Cada gesto seu era um gesto de amor. No curso de sua longa vida dona Nadime derramou bondade. Matriarca, ela estendia o seu manto protetor sobre sua extensa família: Seu Augusto, os quatro filhos, inúmeros netos e bisnetos. Mas, ela também cobria com afeto tantos quantos tiveram a ventura de conhecê-la.

Ângela e eu fomos dois dos inúmeros agraciados. Na verdade, fomos privilegiados, pois durante dois anos estivemos literalmente sob o seu amparo: morávamos na casa da vila abaixo da sua. O símbolo e ao mesmo tempo o instrumento de sua vigilante atenção era uma sineta. Ela a tocava várias vezes ao dia, ou para servir delicioso café feito à moda árabe, maravilhosas esfihas e outras inesquecíveis iguarias ou para indagar se minha mulher necessitava de algo, quando das minhas ausências. O desvelo dedicado à nossa recém-nascida filha Renata era o mesmo que dedicava a seus netos.

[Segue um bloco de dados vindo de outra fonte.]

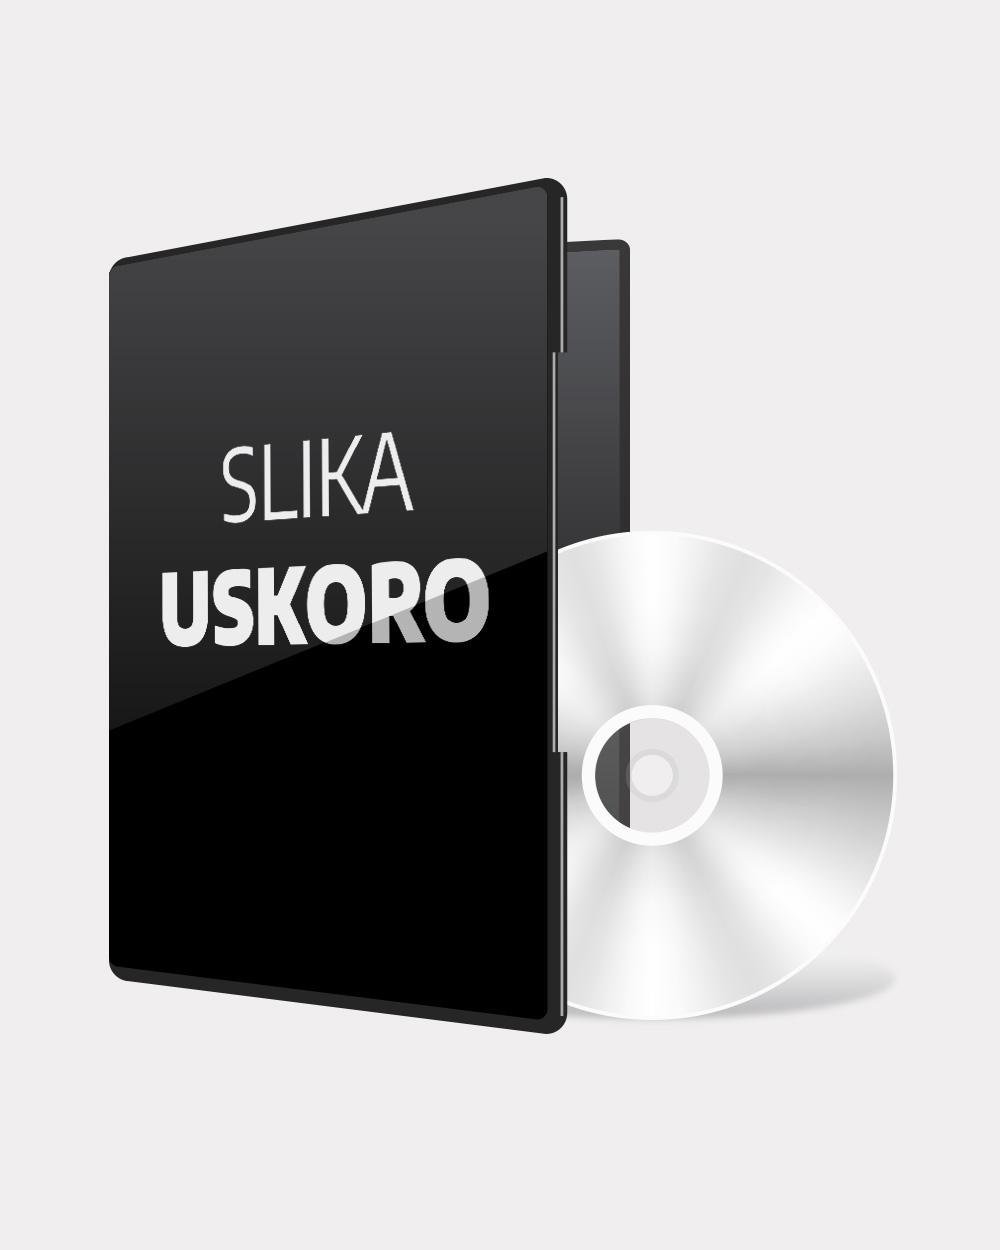 PS4 Fruit Ninja VR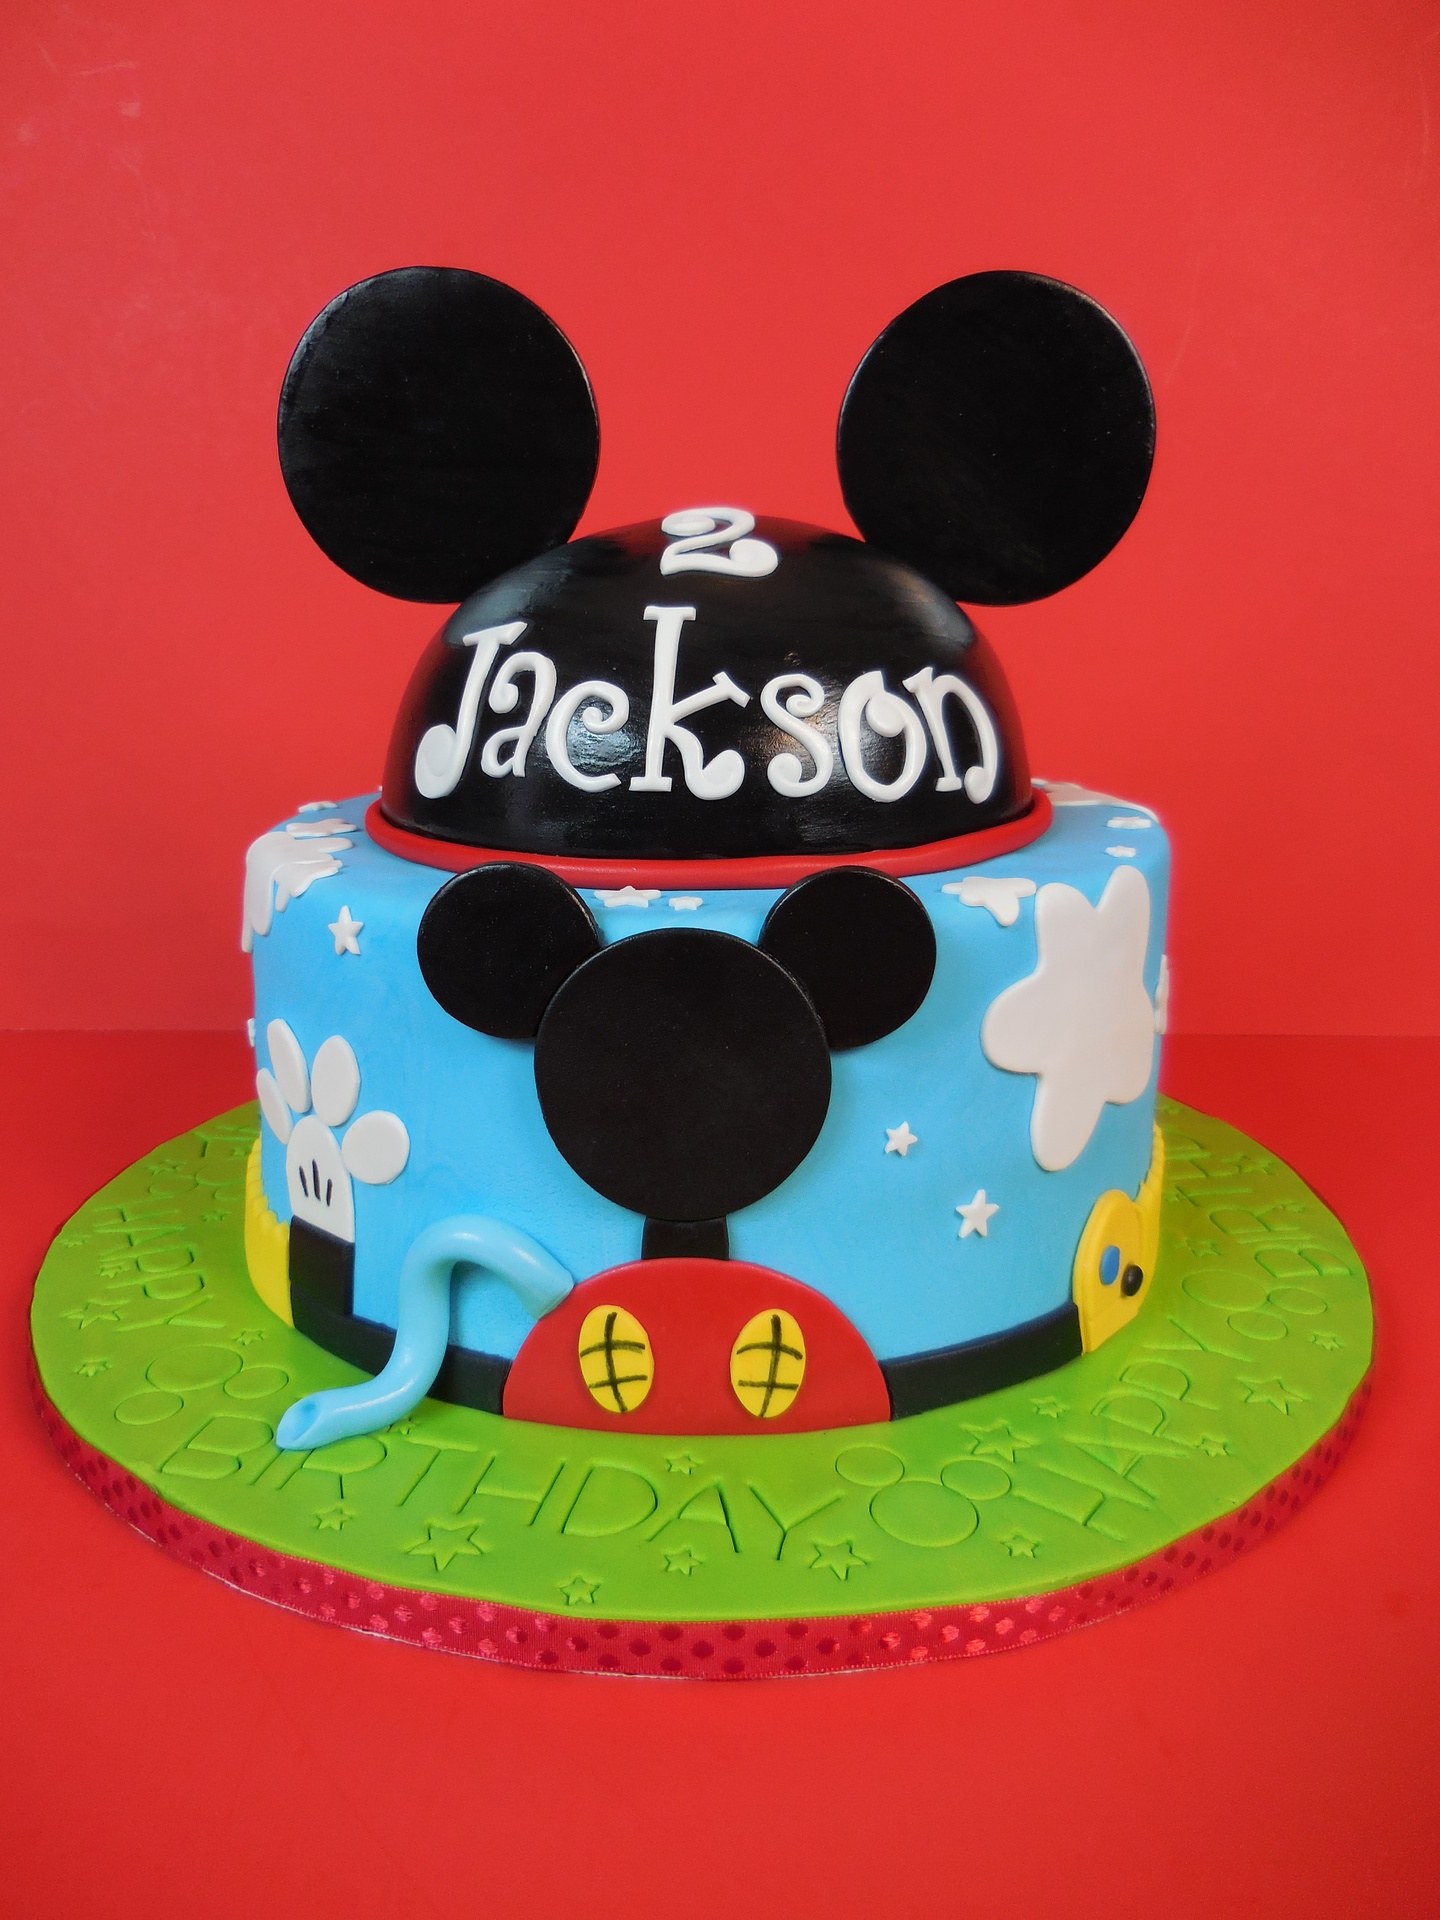 Jackson's Mickey Mouse Club House Birthday

Durante esses dois anos se cristalizaram uma amizade e uma gratidão imorredouras, a esses descendentes de libaneses, Seu Augusto, e de sírios, dona Nadime, exemplos de dignidade e de amor ao próximo, ambos fruto da imigração de povos que souberam assimilar algumas de nossas características e que nos legaram algumas de suas qualidades, numa miscigenação que pode superar as diferenças dos idiomas, hábitos e cultura em geral.